The frequencies of the emitted photons are described by the Planck distribution. A black body at higher temperature will emit photons having a distributional peak at a higher frequency than will a colder object, and their respective spectral peaks will be separated according to Wien’s displacement law. The photosphere of the Sun, at a temperature of approximately 6000 K, emits radiation principally in the visible portion of the spectrum. The solar radiation incident upon the earth’s atmosphere is largely passed through to the surface. The atmosphere is largely transparent in the visible spectrum. However, in the infrared spectrum that is characteristic of a blackbody at 300K, the temperature of the earth, the atmosphere is largely opaque. The blackbody radiation from earth’s surface is absorbed or scattered by the atmosphere. Though some radiation escapes into space, it is the radiation absorbed and subsequently emitted by atmospheric gases. It is this spectral selectivity of the atmosphere that is responsible for the planetary greenhouse effect.
The behavior of a common household lightbulb has a spectrum overlapping the blackbody spectra of the sun and the earth. A portion of the photons emitted by a tungsten light bulb filament at 3000K lie in the visible spectrum. However, the majority of the photonic energy is associated with longer wavelengths and will transfer heat to the environment, as can be deduced empirically by observing a household incandescent lightbulb. Whenever EM radiation is emitted and then absorbed, heat is transferred. This principle is used in microwave ovens, laser cutting, and RF hair removal.

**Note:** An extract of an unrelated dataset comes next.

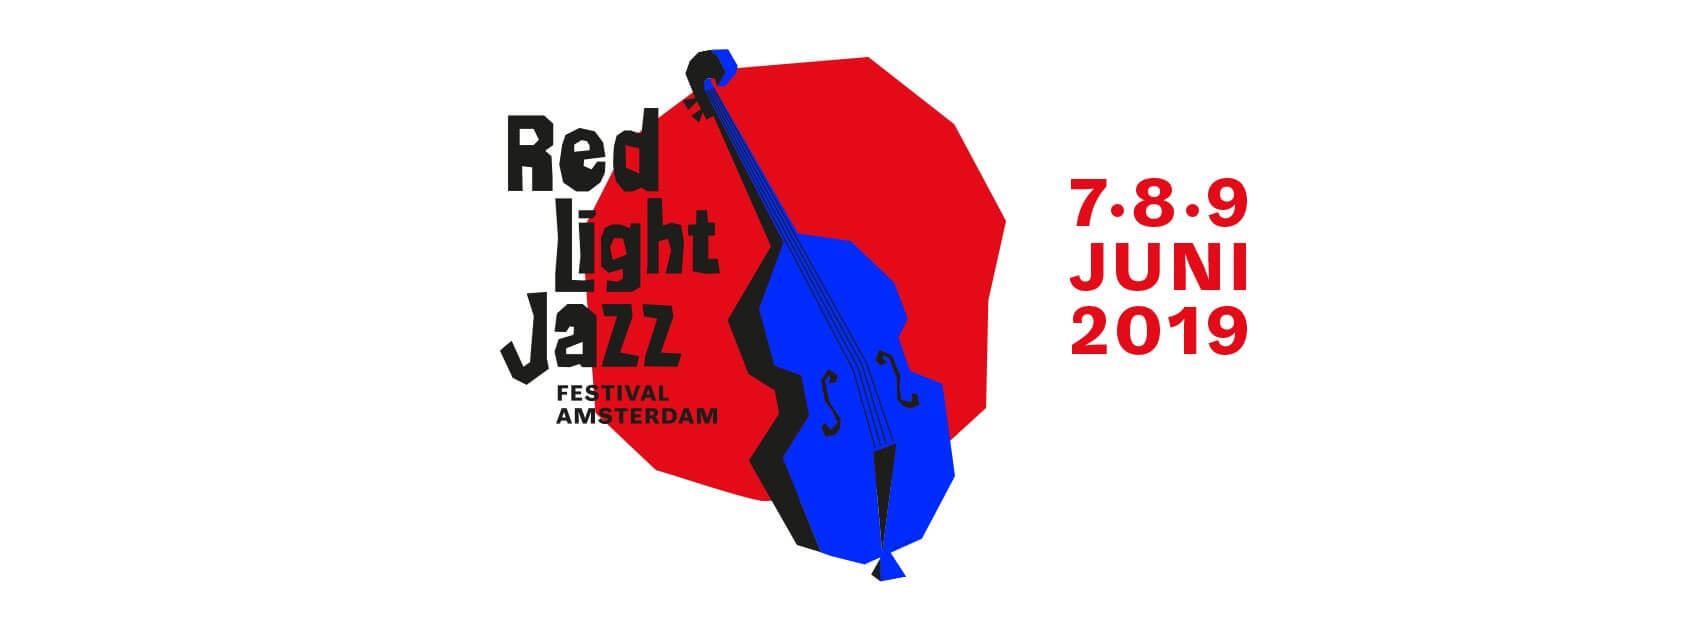 Red Light Jazz 2019 logo

Other heat transfer mechanisms
* Latent heat: Transfer of heat through a physical change in the medium such as water-to-ice or water-to-steam involves significant energy and is exploited in many ways: steam engine, refrigerator etc. (see latent heat of fusion)
* Heat pipe: Using latent heat and capillary action to move heat, it can carry many times as much heat as a similar sized copper rod. Originally invented for use in satellites, they are starting to have applications in personal computers.”